Опубликовано в журнале Новая Юность, номер 2, 2012
Велимир
Мойст
ПОБЕДА
НАУКИ НАД РАЗУМОМ
Гастрольная
московская выставка «Гений да Винчи» заставила задуматься, почему художники
регулярно норовят подменить ученых, а ученые этому всерьез не противятся.
Постулат о том, что искусство и
наука — это два разных набора инструментов для познания одного и того же, то
есть окружающего нас мира, выглядит логичным и самоочевидным. Правда, стоит
лишь повнимательнее присмотреться к тому, как эти инструменты используются на
практике, — и упомянутая концепция вроде бы перестает выглядеть аксиомой. Но
давайте все же не станем из-за «отдельных перегибов на местах» подвергать
сомнению общую философскую схему. Если воспринимать ее буквально, то сам собой
напрашивается вывод: соединять науку с искусством воедино нет никакого резона.
Это все равно как лечить больного попеременно с помощью средств то аллопатии,
то гомеопатии… Понятно же, что две эти сферы деятельности образуют единство в
строго диалектическом смысле, и от их прямого скрещивания особой «мичуринской»
пользы ждать не приходится.
Хрестоматийным примером того, в
какой мере искусство автономно и от науки, и от порождаемого ею технического
прогресса, может служить история с картиной Теодора Жерико «Скачки в Эпсоме».
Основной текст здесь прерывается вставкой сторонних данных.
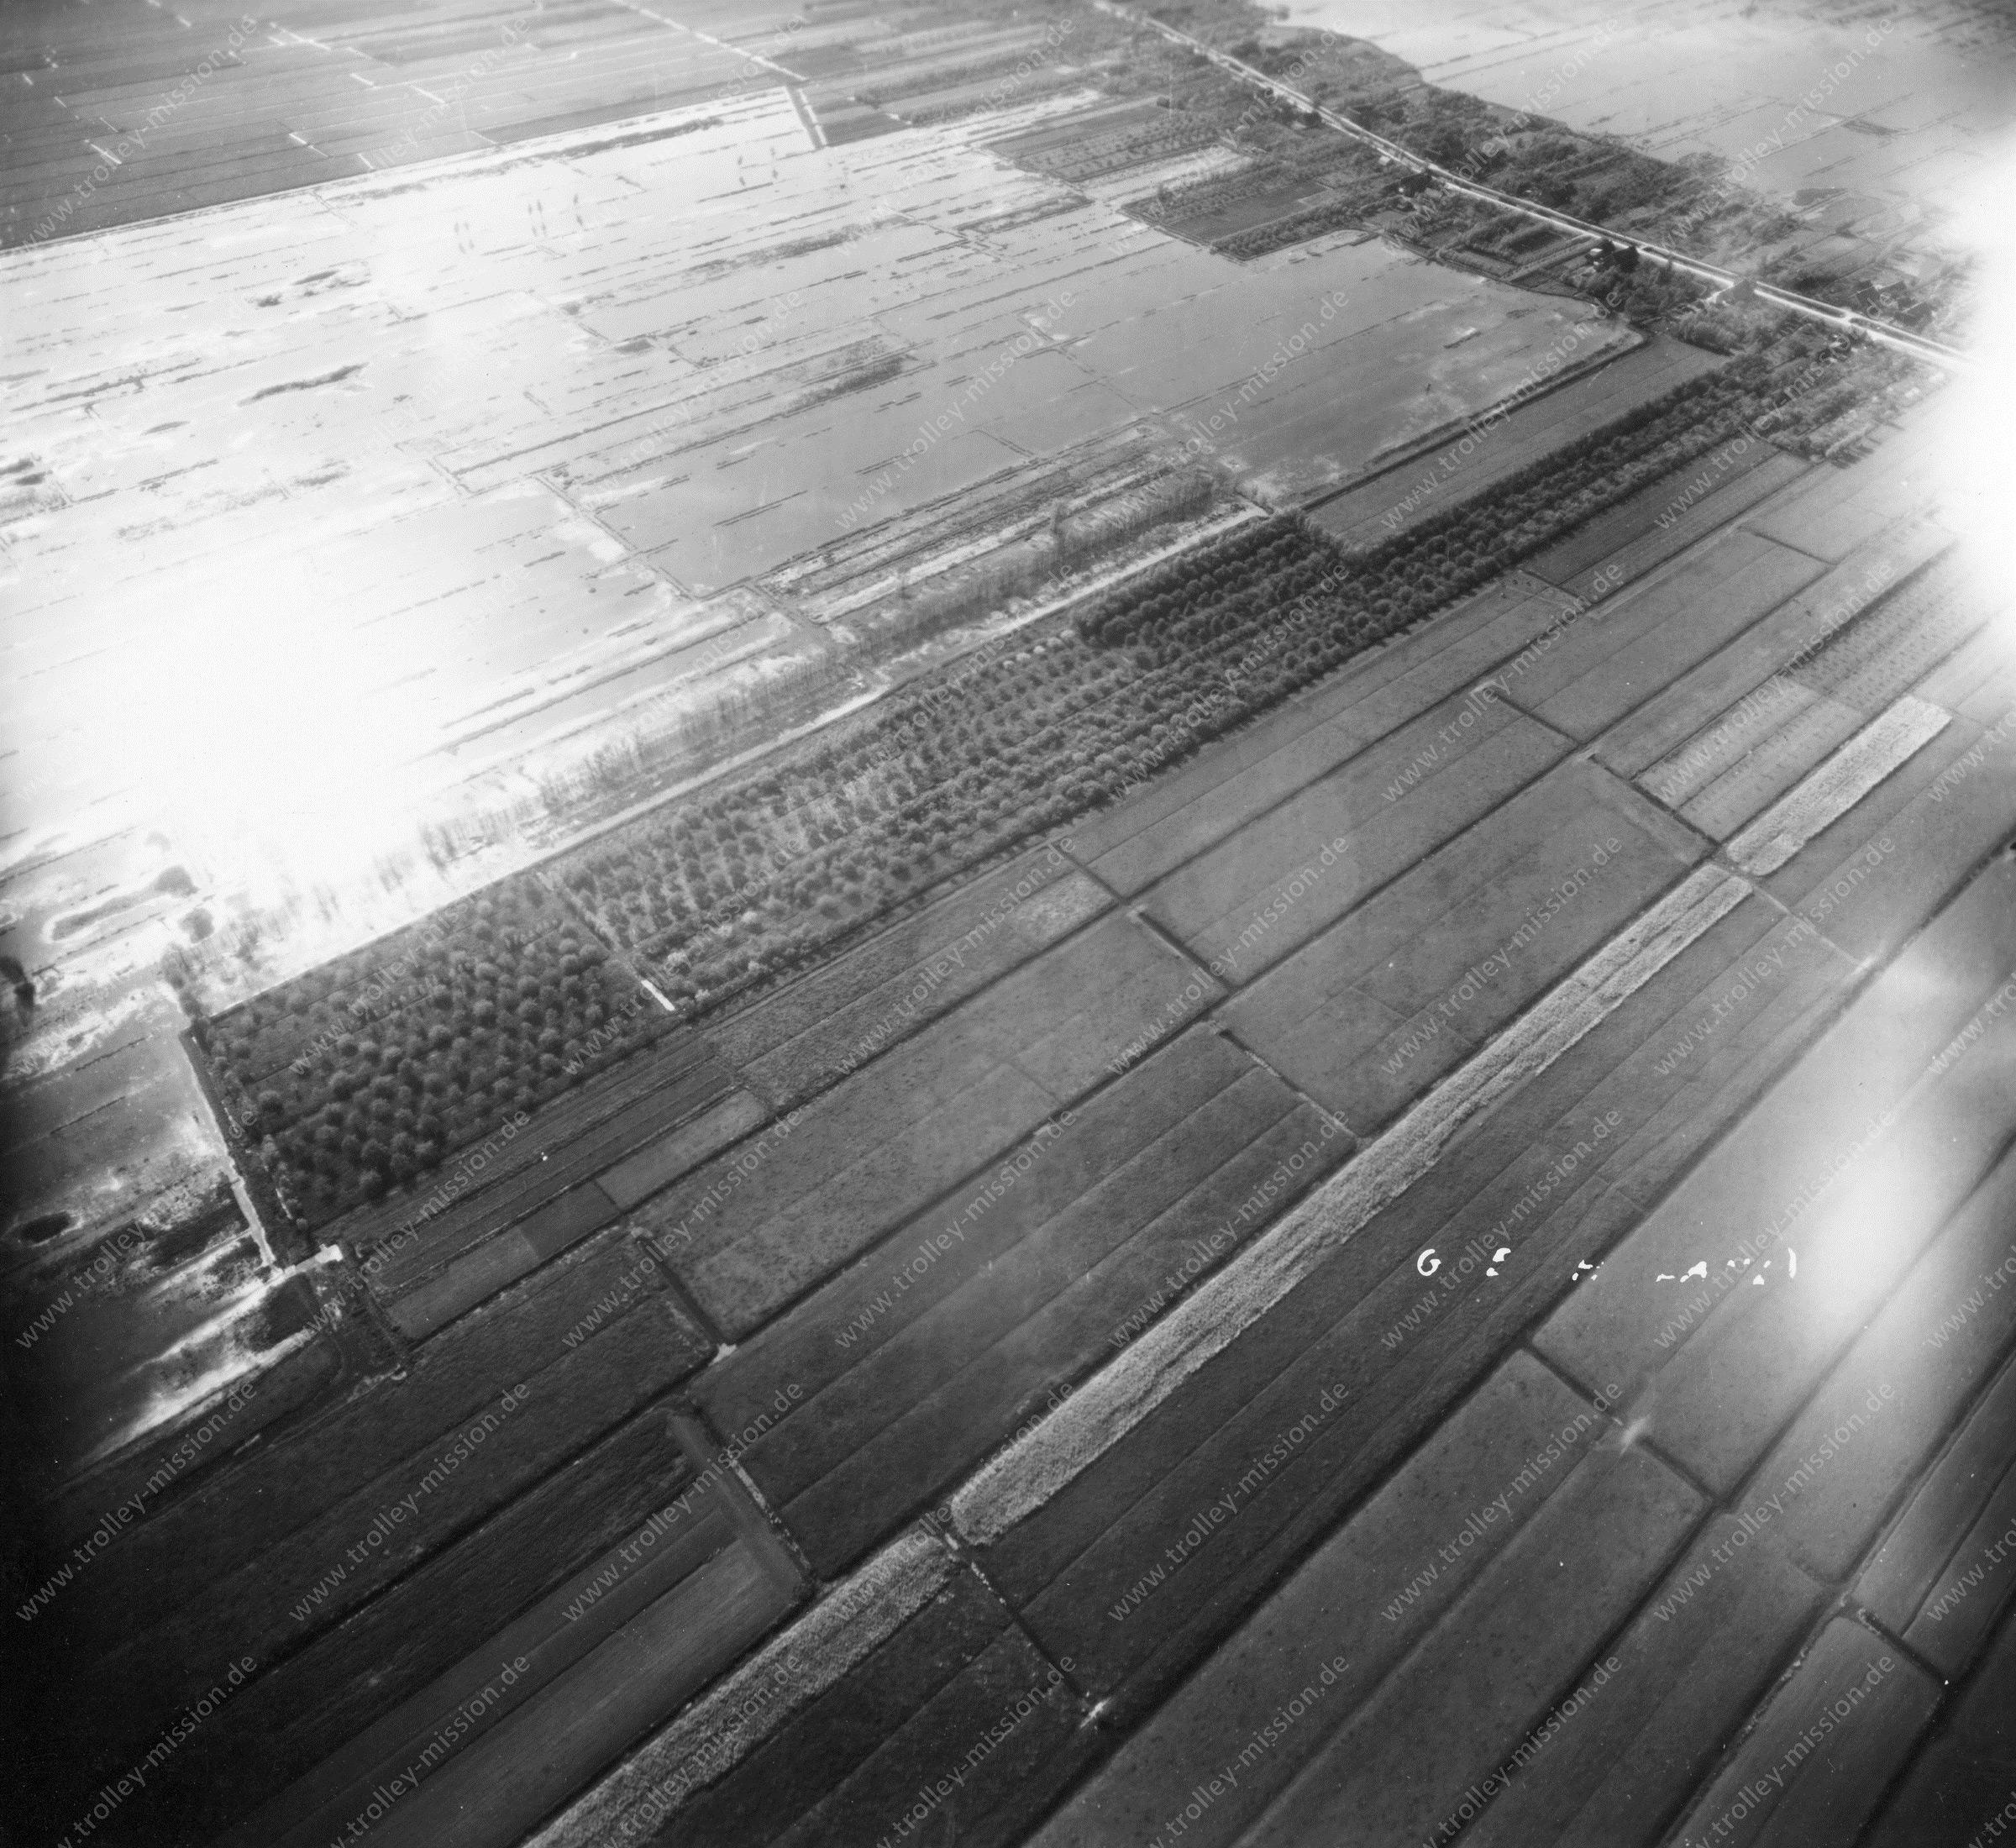 Luftaufnahme von Benschop kurz vor Den Haag im Mai 1945 (Niederlande)

Французский живописец был большим любителем конных забегов и отобразил это свое
пристрастие на полотне. Из нескольких галопирующих лошадей со всадниками Жерико
выстроил эффектную горизонталь — кажется, будто все они в пылу гонки разом
взмыли над землей и несутся к финишу буквально по воздуху. Впрочем, и сам
художник, и его современники были уверены, что визуальная метафора почерпнута
напрямую из реальности. В правдоподобии этого изображения никто не сомневался
до той поры, пока полвека спустя фотограф Эдуард Мэйбридж не сумел получить
покадровую развертку, получившую название «Движение галопирующей лошади».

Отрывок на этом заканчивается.